All of the fifty customers of petitioner who testified in the proceeding below had margin accounts with petitioner. Many did not know what a margin account was or what a debit balance was or that they were dealing on margin. Thirty-one of the fifty were women — twelve were widows. Fifteen of the customers testifying had given petitioner express discretionary powers over their accounts. One elderly widow of very limited means stated that "everything was put in his [Hirshberg's] hands absolutely and completely." She did not understand that the firm was selling her stock it owned or buying stock from her for itself. Although she was aware that the monthly confirmations referred to petitioner as "principal," she didn't pay any attention to that and never asked for any explanation. She received a letter from Hirshberg expressing distress at her ill health and closing "with fondest love." This witness and many others were obviously under the impression that petitioner acted as agent for them rather than as principal. Most of the witnesses believed that petitioner was dealing for them rather than with them. Though it was recognized that petitioner was in business for profit, it was very generally believed by petitioner's customers that its income was derived primarily from the commissions it charged rather than mark-ups. The record is replete with evidence that the faith and trust of the customers in petitioner was "absolute," "implicit," "perfect," "sublime," and "blind." Further, though petitioner refuses to admit that it is so, there is substantial evidence in the record in the form of customer testimony to the effect that the great majority of the customers accepted and followed the advice rendered by petitioner in almost every instance. From the facts enumerated above it is apparent, and we believe obvious, that petitioner was not only in a dominant position as to the market for its unlisted securities but that it was in a position to strongly influence and, in fact, control what securities would be bought and what sold and the timing and frequency of such purchases and sales as well as the amount of the mark-ups and mark-downs at which they would be made. The Commission so ruled and we see no basis in the record for overturning that ruling.

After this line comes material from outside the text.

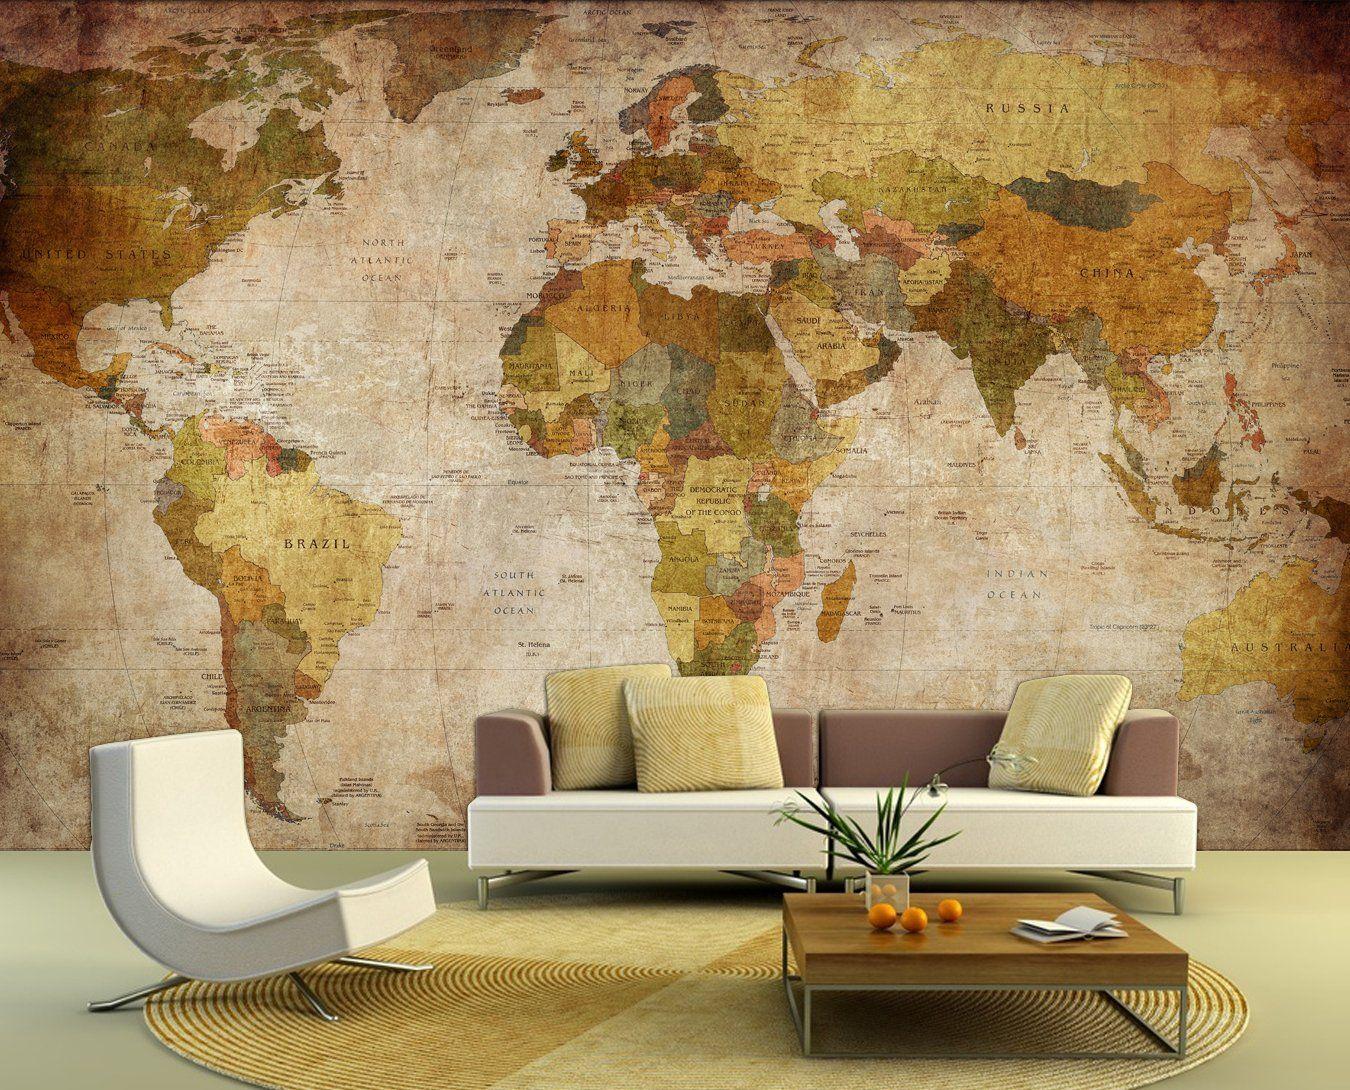 bilderdepot24 self adhesive photo wallpaper wall mural world map retro style

But these factors alone, while sufficient to arouse the suspicion of persons informed in these matters, do not necessarily establish that petitioner violated the anti-fraud provisions of the Securities and Securities Exchange Acts. The stage is set, however, for fraudulent activity. It should be noted parenthetically at this point that petitioner has not been charged with or proven guilty of the practice commonly known as "rigging the market" in order to artificially raise the market and unload stock at a price far above its worth. Petitioner's offense against the public interest is more subtle, though no less insidious.

This practice is defined and exemplified in the interesting opinion of Circuit Judge Evans in R.J. Koeppe Co. et al. v. Securities and Exchange Commission, 7 Cir., 1938, 95 F.2d 550.

The Commission charged and subsequently concluded that petitioner had violated (1) Section 17(a) of the Securities Act of 1933, (2) Section 15(c)(1) of the Securities Exchange Act of 1934, and (3) Section 10(b) of the latter Act, as well as certain Commission rules promulgated thereunder. The record supports the charges made and the conclusions reached.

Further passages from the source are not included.